Scene-LLM: Extending Language Model for 3D Visual Understanding and Reasoning
- URL: http://arxiv.org/abs/2403.11401v2
- Date: Fri, 22 Mar 2024 18:52:51 GMT
- Title: Scene-LLM: Extending Language Model for 3D Visual Understanding and Reasoning
- Authors: Rao Fu, Jingyu Liu, Xilun Chen, Yixin Nie, Wenhan Xiong,
- Abstract summary: Scene-LLM is a 3D-visual-language model that enhances embodied agents' abilities in interactive 3D indoor environments.
Our experiments with Scene-LLM demonstrate its strong capabilities in dense captioning, question answering, and interactive planning.
- Score: 24.162598399141785
- License: http://arxiv.org/licenses/nonexclusive-distrib/1.0/
- Abstract: This paper introduces Scene-LLM, a 3D-visual-language model that enhances embodied agents' abilities in interactive 3D indoor environments by integrating the reasoning strengths of Large Language Models (LLMs). Scene-LLM adopts a hybrid 3D visual feature representation, that incorporates dense spatial information and supports scene state updates. The model employs a projection layer to efficiently project these features in the pre-trained textual embedding space, enabling effective interpretation of 3D visual information. Unique to our approach is the integration of both scene-level and ego-centric 3D information. This combination is pivotal for interactive planning, where scene-level data supports global planning and ego-centric data is important for localization.
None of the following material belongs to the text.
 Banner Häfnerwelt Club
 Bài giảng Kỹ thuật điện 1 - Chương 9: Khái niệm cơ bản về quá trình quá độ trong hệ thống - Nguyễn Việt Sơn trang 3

Notably, we use ego-centric 3D frame features for feature alignment, an efficient technique that enhances the model's ability to align features of small objects within the scene. Our experiments with Scene-LLM demonstrate its strong capabilities in dense captioning, question answering, and interactive planning. We believe Scene-LLM advances the field of 3D visual understanding and reasoning, offering new possibilities for sophisticated agent interactions in indoor settings.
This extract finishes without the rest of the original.